Here are some sample stories in different languages in archive files:
Spanish - Cielo/Heaven Afrikaans - My Child's Suicide French - Check out Start
Finally, International Family Magazine or IF Mag provokes its readers into action with the question, "IF we could change the world with a story, would we? " It is easy to say we want a solution to world peace and then get burdened by all the politics. At IF magazine you will find less politics and more personal. Wayland believes that whether we are the president of a country, a group leader of terrorists, children on a school bus, fathers on their way to work, we are humans first. If we get this very basic idea that we are all just trying to make our homes safe for cooking, sleeping, and taking care of our children, maybe there would never again be a genocide, an attack, a war or racism internationally or in our own communities.
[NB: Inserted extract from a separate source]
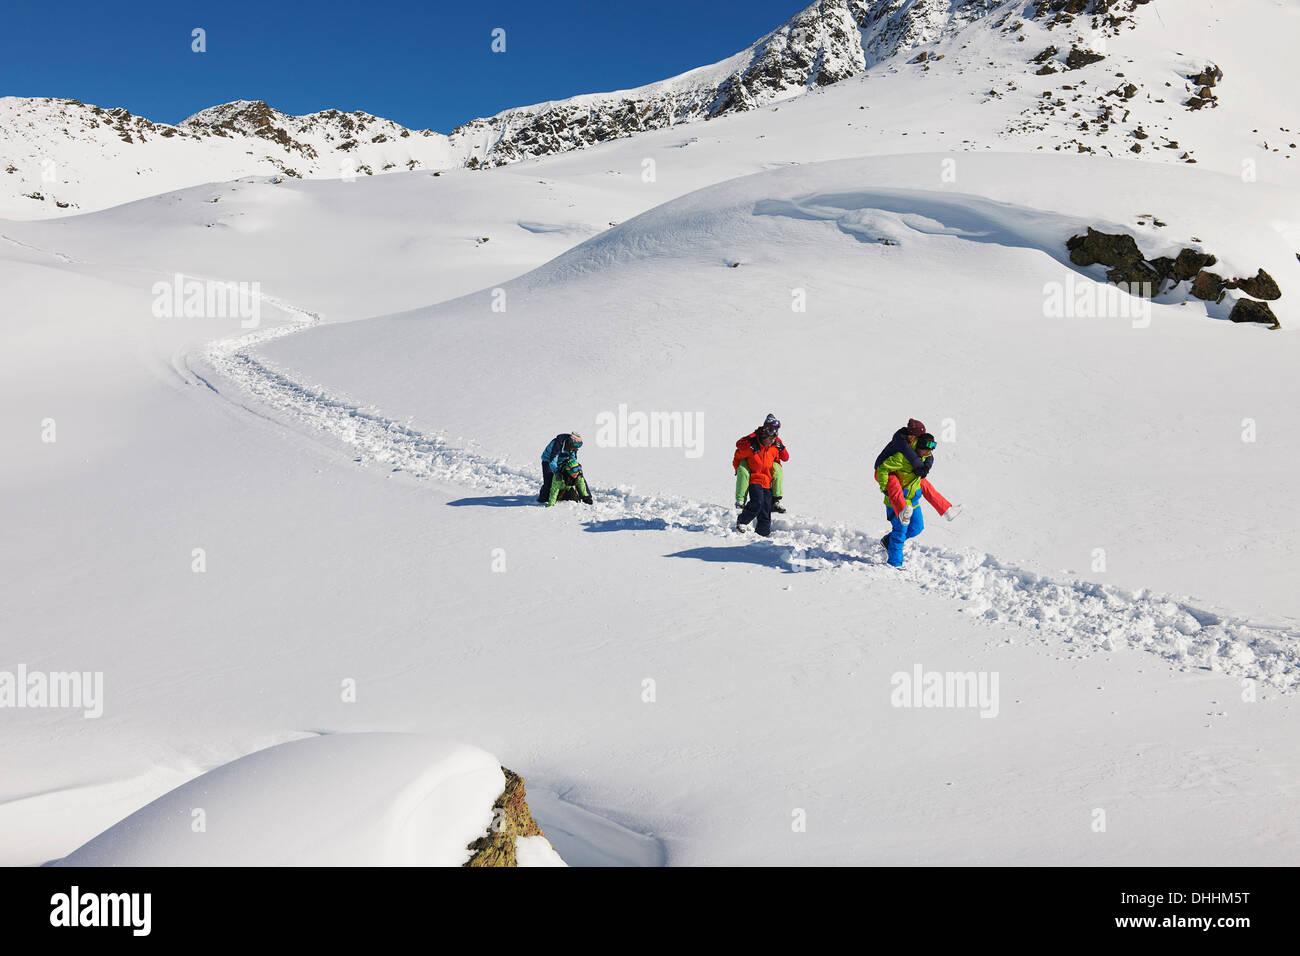 Amigos dándose mutuamente piggy backs en nieve, Kuhtai, Austria Foto de stock

People believe what they hear and read. So much in media segregates us, alienates us from one another, makes someone right and someone wrong. International Family Magazine insists with its storytelling that there should be more voices to listen to out there in the world. If we could all tell our stories, maybe we could we could all be neighbors together. The world of internet has afforded us the opportunity of a global community. Catherine Wayland decided to launch International Family Magazine as a way to sieze that wonderful opportunity.